Cosmologically inspired, “Look in Up” is an installation composed of three approximately 9-foot travertine limestone columns with a central 5.5-foot-tall Shiva lingam topped with a crystal. The columns’ bases are carved with symbols from six ancient cultures and their tops crowned with hundreds of hand-shaped crystals arranged as night-sky constellations.
Feldtkeller leans against one of his sculptures at his Sedona home on Nov. 29. David Jolkovski/Larson Newspapers
“‘Look In Up’ was created based on the fact our culture is consumed with technology. Early cultures looked to the heavens for connection,” the city of Sedona stated. “His piece is meant for us to look within ourselves and up at the constellations, which are carved in columns and displayed with colored crystal constellations. Ancient Egyptian and aborigine hieroglyphs, as well as Native American symbolism is carved into the columns, anchored by a sacred geometry base.”
The work is grounded in four other ancient cultures: Mayan, Nazca Line/Incan, Hopi and Sumerian and each column has carvings representing two cultures at their bases with significant symbols.
“The centerpiece will [have] … a crystal on top of it,” Feldtkeller said. “That crystal will ultimately, not this year, but hopefully summer of ’26 — have a core through the column to the northeast, east, east-northeast that will align with the summer solstice sunrise for about five minutes. Through that core, through that column, the sun will pierce into the crystal and bring it into a reflective glow.”
He was originally worried that he wouldn’t get the alignment right at Back o’ Beyond but “it will align at 6:10 a.m. on the 21st of June.”
After relocating to Arizona in 1984, Feldtkeller moved to Sedona in 1999 and raised four children. He began his career as a jeweler, specializing in diamond setting and fine carving, but transitioned into larger fabrication work and he began working extensively in stone after 2010, which eventually led to the large-scale sculptural work he creates today.
mark Feldtkeller created a maquette of his sculpture “Look In Up” at a city event in 2021. Photo courtesy of city of Sedona
His background in jewelry still appears throughout the piece. Each star and constellation in upper two-thirds of the columns required shaping and polishing individual crystals which are skills he gained from years of gem-setting.
“I worked a lot with diamond wheels and stone setting, so that was a pretty easy task for me,” Feldtkeller said. “They’re beautiful, they’re brilliant; they actually reflect a ton of light depending on the direction of the sun. They’re all shaded slightly — stars are not just one color. There’s amber, there’s rose, there’s blue, and there’s clear. So each of the constellations [and] I think there are a couple hundred stars total in the columns — has a slight tint of those four colors. Some of the constellations represent accurately to those colors” in “Look In Up.”

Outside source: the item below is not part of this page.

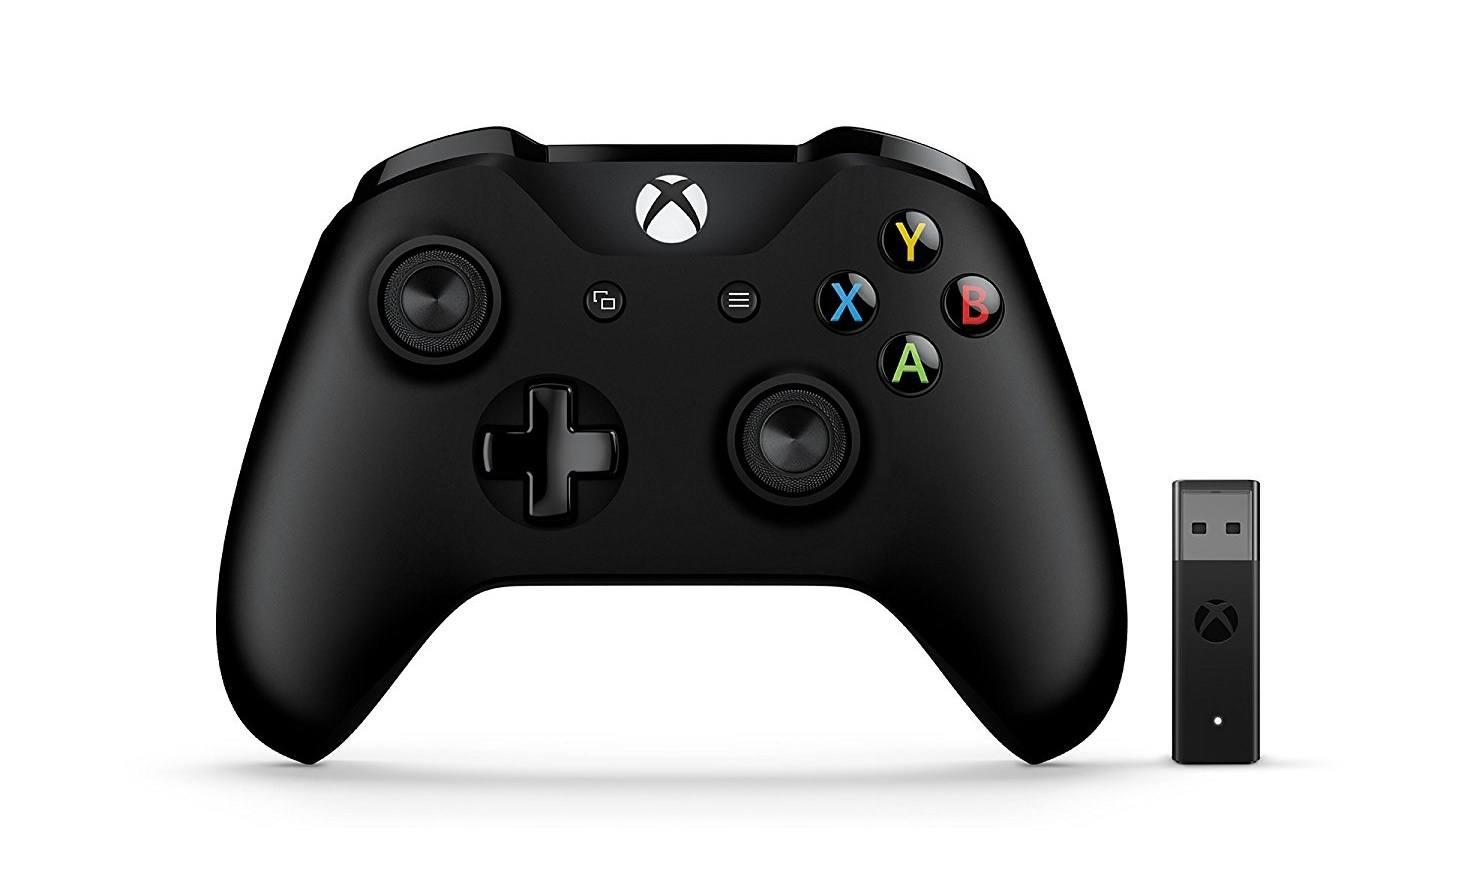 eBay feiert: Xbox One X, Controller, Laptops & mehr zu Top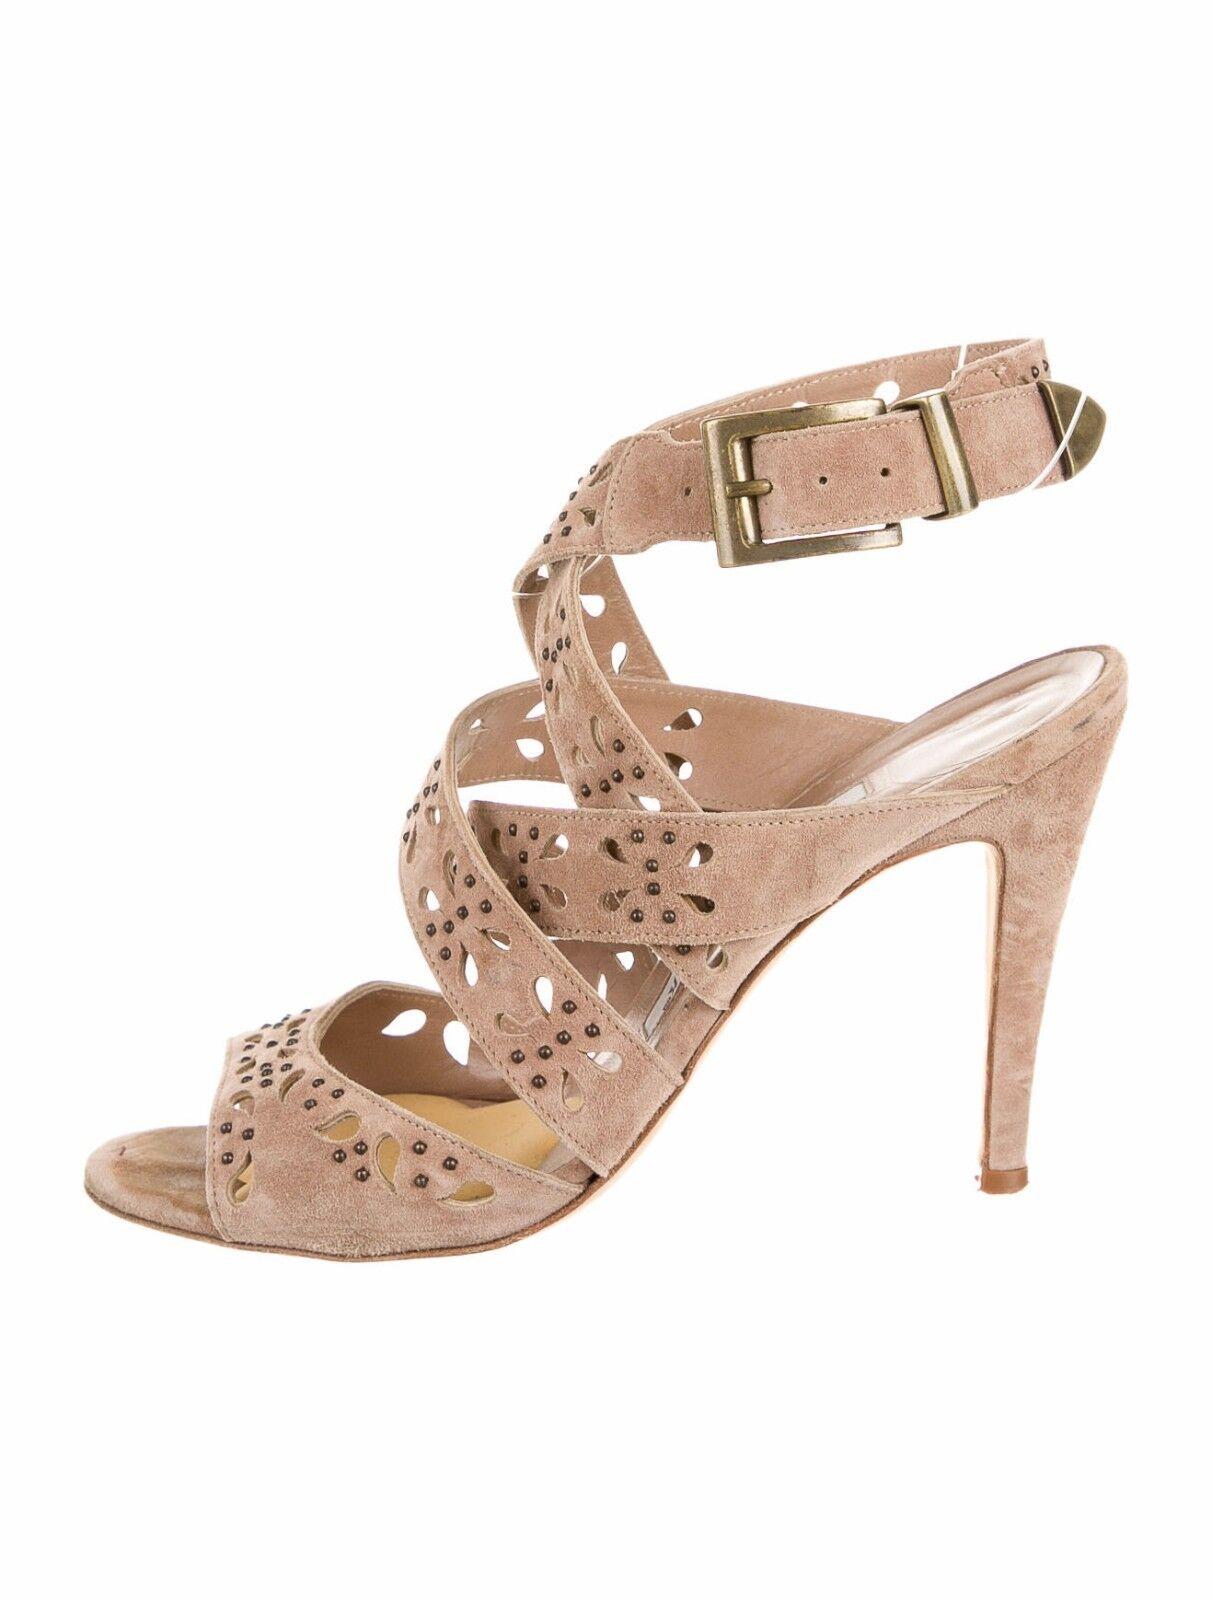 Nuevo Lezza Manolo BLAHNIK de de de gamuza marrón amarillento desnudo Sandalias Zapatos 40.5 10.5 10  en stock

To support the bases and the geometry of the piece, Feldtkeller constructed a three-foot-tall terrace. The four cardinal directions are marked in redstone, which city staffers helped carve. The work is full of “cryptic” details and layered symbolism. He hopes someone might notice a constellation, a petroglyph or a Sumerian carving as a child and decades later see something entirely new in the same sculpture when they have children of their own.
“My inspiration was based in doing art that drew people to think and to do something that kind of opened up the span of the history of man,” Feldtkeller said. “People can look at things in the work, and maybe somebody’s driving by the roundabout with their grandson, and he notices the constellation Orion’s Belt or maybe the Sumerian carvings. But 50 years later, he’s driving with his own grandson and he will see something totally different, the work is kind of designed to kind of evolve.”
Correction: The story initially stated the roundabout was at “Back o’ Beyond Road, Indian Cliffs Road and State Route 89A,” when it should have read “Back o’ Beyond Road, Indian Cliffs Road and State Route 179.”